Эрмина выпила ликер до дна.
— Хочешь еще? Нет? — и налила себе еще. — Если я что-нибудь имею против французов, так это только из-за Валери, — продолжала она, — но, в сущности, французы — моя любимая нация. Это народ с древними культурными традициями. А какой поэтический язык! Звучит, как музыка! Это утонченные люди с большим чувством юмора, восприимчивые ко всему прекрасному, чего лишены многие другие народы. Подумай только, Наполеон приглашает архитектора — его звали Хаусман, — который создает по его приказу прекраснейшие бульвары, а по обеим сторонам прекраснейшие дома на свете. Крыши домов там не красные и острые, как у нас, а круглые и серебристо-серые. А окна доходят до самого низу, чтобы было больше света в помещениях, а к стенам, чтобы не наткнуться на окно, прикреплены в рост человека решетки из кованого железа. Такого изящества у нас нет и в помине. — Она отпила глоток. — Кстати сказать, эти самые бульвары навели нашего кайзера на мысль создать в Вене Рингштрассе. По его указу городские стены так отшлифовали, что мы утерли нос Наполеону: дескать, тоже можем строить не хуже, чем он… Что-то я перескакиваю с пятого на десятое…
— А леди Маргита… она была компаньонкой принцессы Валери?
— Да. Она сопровождала Валери в ее кругосветном вояже. Ты знаешь, не успели мы приехать в Эннс, как Маргите уже захотелось бежать отсюда. И всей этой ерундой она забила голову Валери. Все капризы принцессы, протесты против всех и вся — все это влияние Маргиты. Да, но я ведь хотела сказать тебе совсем о другом. А именно — о баварском короле, о моем батюшке.
— Вы часто виделись с ним?
— Едва ли. Он не интересовался детьми. Он был очень талантлив, в языках так просто гений, но совсем не галантен. В конце жизни он оглох. Всем в замке выкрикивал в лицо самые гнусные оскорбления и был этим знаменит — и не только у нас, но и во Франции. По всему Парижу ходили его остроты. Он приезжал на Всемирную выставку в 1876 году с нашим кайзером, но об этом тебе лучше расскажет Полин Меттерних: ее муж был в то время послом в Париже, она застала баварского короля, когда он был в своей лучшей форме. А через год его не стало.
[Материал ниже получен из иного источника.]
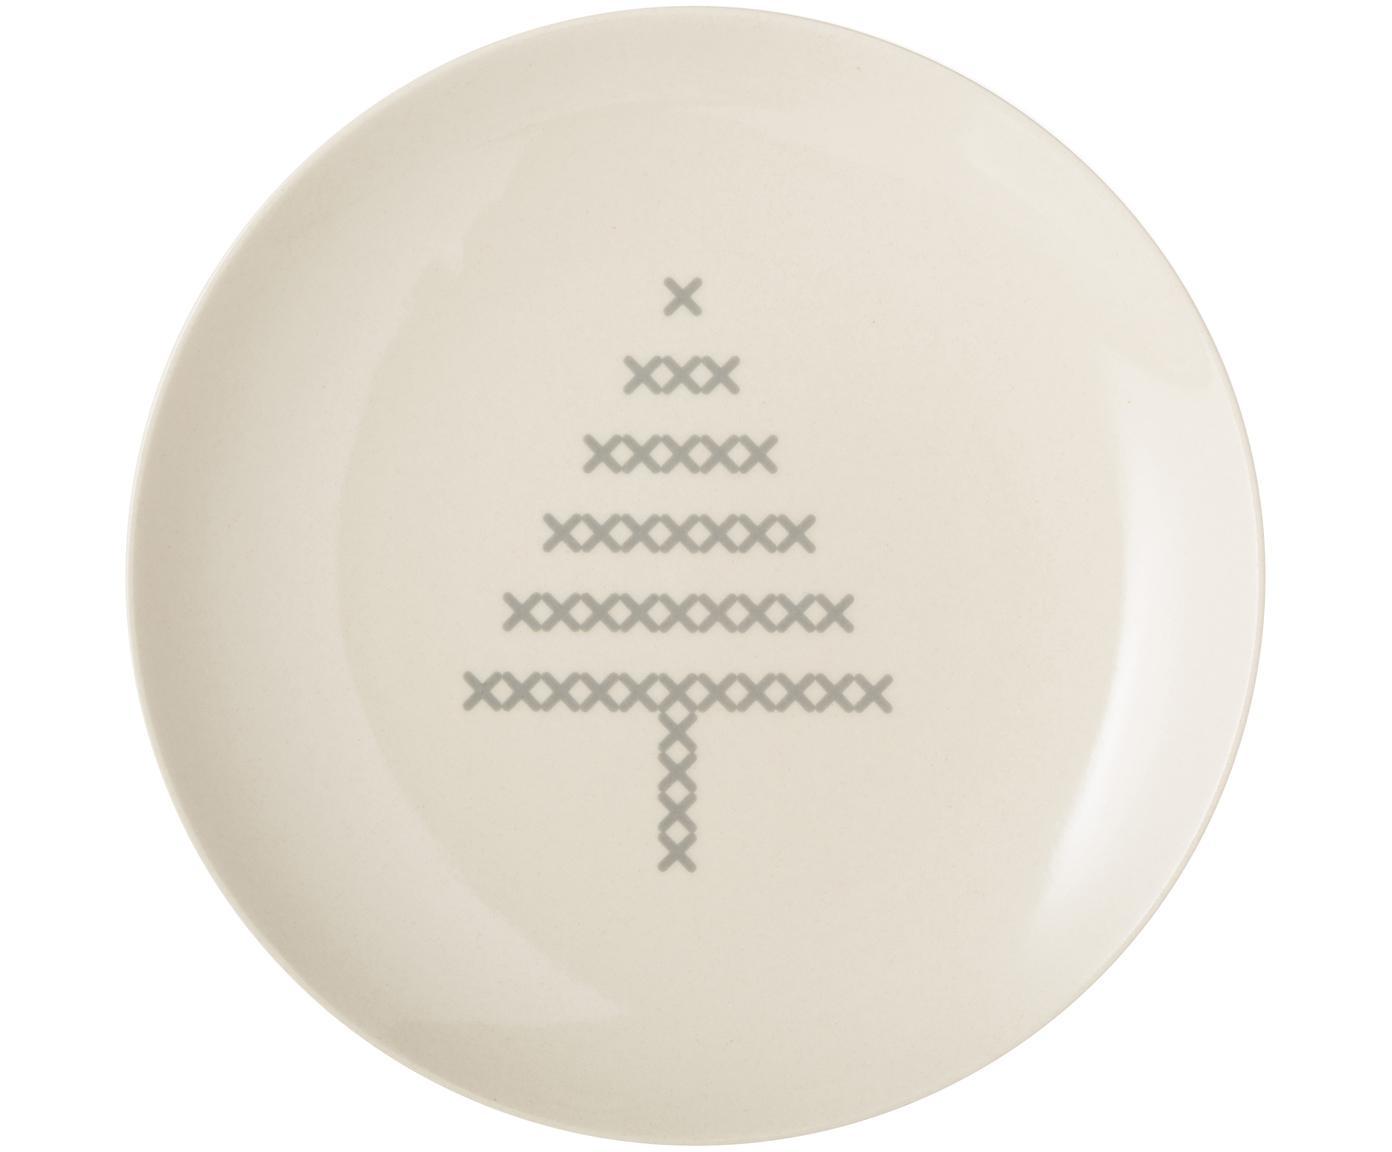 Brotteller Cross, Keramik, Gebrochenes Weiss, Grau, Ø 16 cm

— Могу ли я задать действительно деликатный вопрос?
— Спрашивай, — Эрмина поправила валик за спиной.
— Разве тогда не было этого ужасного скандала?
— Ты имеешь в виду скандал в Мюнхене? Да. Мне как раз исполнилось шесть лет, когда мой отец влюбился в одну танцовщицу. Она была разведенной шотландкой, но везде представлялась испанкой. Отъявленная стерва. Сводила мужчин с ума, из-за нее произошло немало дуэлей. Моего отца она поработила полностью. Он был буквально у ее ног. И можешь себе представить, он позволял ей даже вмешиваться в вопросы политики. Она спровоцировала столько скандалов, что он, по ее милости, был вынужден отречься от престола.
— Как ее звали, эту танцовщицу?
— Лола Монтес. Он дал ей дворянский титул, сделал из нее графиню Ландсфельд. Но со временем ее лишили титула. Но это я рассказываю, чтобы ты поняла, почему я не вышла замуж. Я знаю, как это все выглядит — так сказать, за кулисами. Знаю, что приходится терпеть замужним женщинам. А свободной любви я тем более не приемлю, если даже короли отрекаются из-за нее от престола… Кстати, не знаешь ли ты, кто невеста нашего генерала?